A script written by the acclaimed writer and featuring a horror icon and Edward Woodward could have been a dream project for director Robin Hardy while the filming of The Wicker Man over 50 years ago.
Even though today it is celebrated as a cult horror masterpiece, the degree of misery it brought the film-makers is now uncovered in newly discovered correspondence and early versions of the script.
This 1973 movie revolves around a puritan police officer, played by the actor, who travels on an isolated Scottish isle looking for a missing girl, only to encounter sinister local pagans who claim the girl was real. Britt Ekland was cast as an innkeeper’s sexually liberated daughter, who seduces the religious policeman, with Christopher Lee as the pagan aristocrat.
However, the working environment was frayed and fractious, the documents show. In a letter to the writer, the director wrote: “How dare you treat me this way?”
The screenwriter was already famous with acclaimed works such as Sleuth, but his script of The Wicker Man reveals Hardy’s brutal cuts to the screenplay.
Heavy edits feature the aristocrat’s dialogue in the final scene, which would have begun: “The child was only a small part – the part that showed. Do not reproach yourself, it was impossible you could have known.”
Conflict escalated outside the writer and director. A producer wrote: “The writer’s skill was marred by excessive indulgence that drove him to prove himself too clever by half.”
In a letter to the production team, Hardy complained about the film’s editor, the editing specialist: “I don’t think he likes the theme or style of the film … and thinks that he has had enough of it.”
In a correspondence, Lee referred to the film as “alluring and enigmatic”, even with “dealing with a talkative producer, a stressed screenwriter and an overpaid and hostile director”.
A large collection of letters relating to the film was part of six sack-loads of documents left in the loft of the old house of the director’s spouse, Caroline. Included were previously unseen scripts, visual plans, on-set photographs and budget records, many of which reflect the challenges faced by the film-makers.
Hardy’s sons Justin and Dominic, now 60 and 63, have drawn on the material for an upcoming publication, titled Children of The Wicker Man. It reveals the extreme pressures on Hardy during the making of the movie – including a health crisis to financial ruin.
At first, the film failed commercially and, in the aftermath of its failure, the director abandoned his wife and their children for a new life in America. Legal letters show his wife as the film’s uncredited executive producer and that Hardy owed her up to a large sum. She was forced to sell their house and passed away in 1984, in her fifties, suffering from addiction, never knowing that her film eventually became a global hit.

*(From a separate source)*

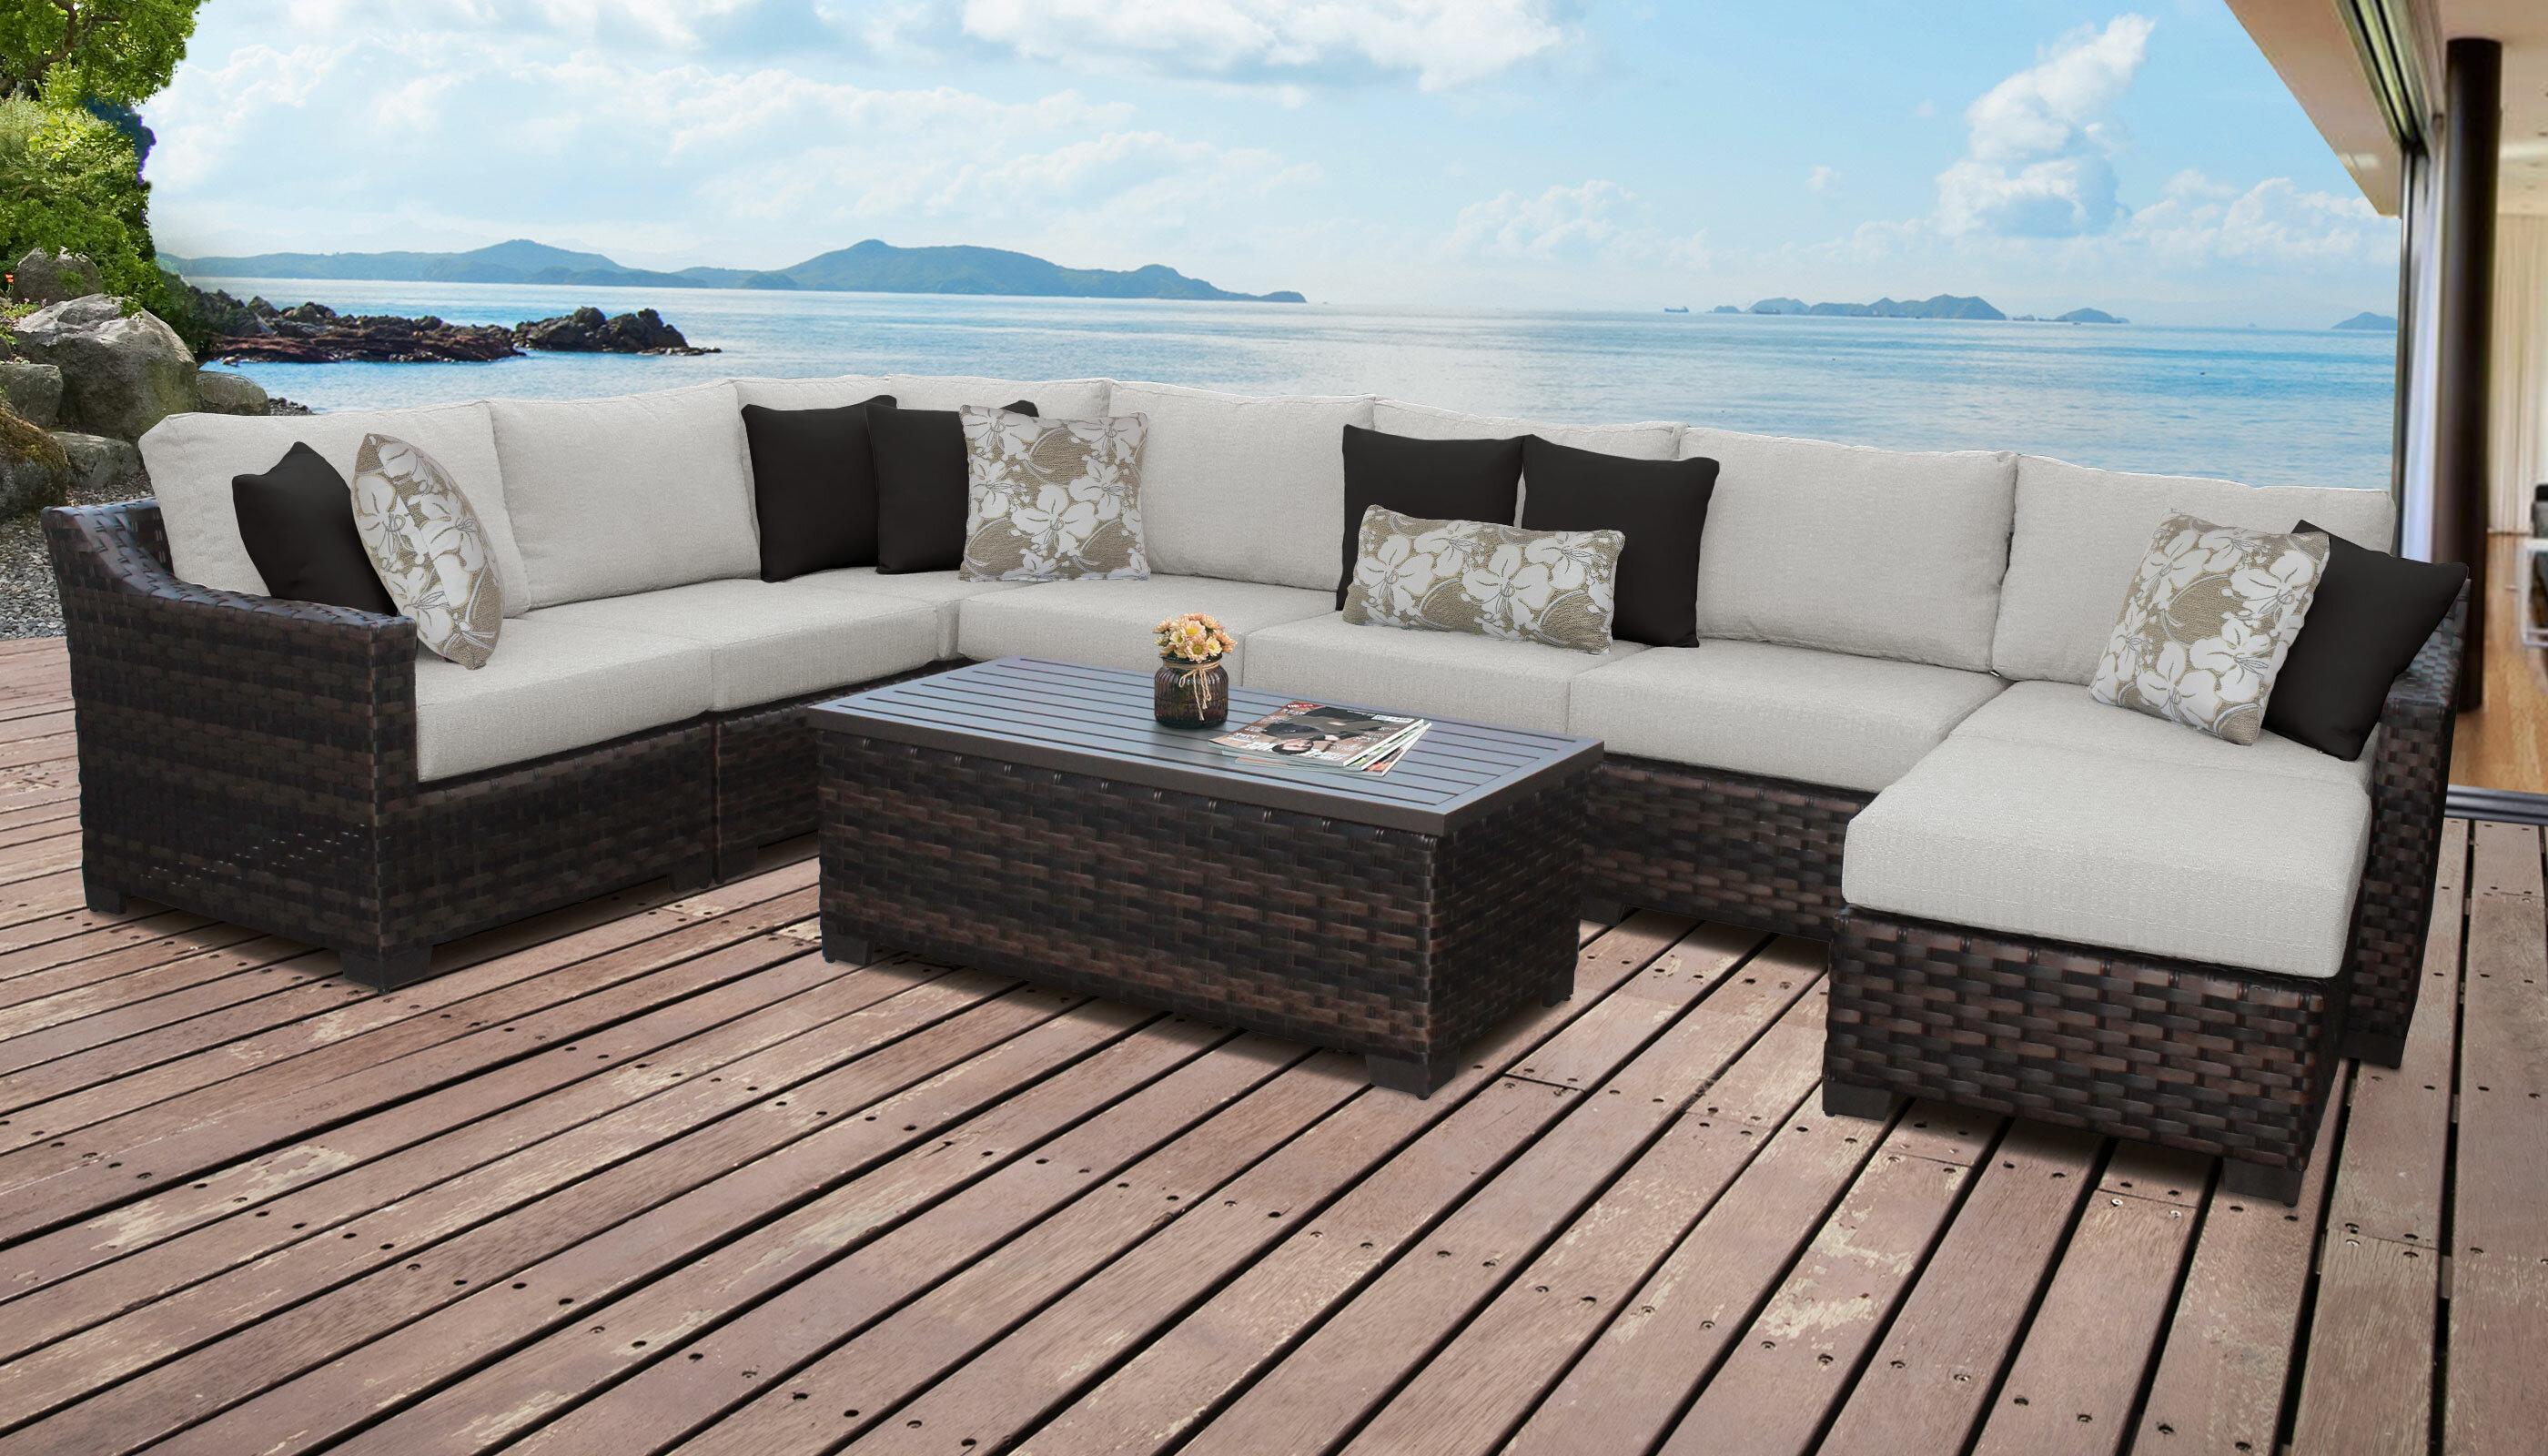 Kathy Ireland Homes Gardens By Tk Clics River Brook 9 Piece Outdoor Wicker Patio Furniture Set 09d Wayfair

Justin, a Bafta-nominated historian film-maker, described The Wicker Man as “the film that ruined our family”.
When he was contacted by a resident living in his mother’s old house, asking whether he wished to collect the documents, his first thought was to propose burning “all of it”.
But then he and his stepbrother Dominic opened up the sacks and understood the importance of what they held.
Dominic, a scholar, commented: “Every key figure is represented. We found an original script by Shaffer, but with his father’s notes as filmmaker, ‘containing’ the writer’s excess. Due to his legal background, he tended to overwrite and his father just went ‘cut, cut, cut’. They respected each other and hated each other.”
Writing the book provided some “resolution”, the son said.
His family never benefited financially from the production, he added: “This movie has gone on to make so much money for other people. It’s unfair. Dad accepted a small fee. Thus, he missed out on any of the upside. Christopher Lee also did not get payment from it either, despite the fact he performed his role for no pay, to leave his previous studio. Therefore, it was a very unkind film.”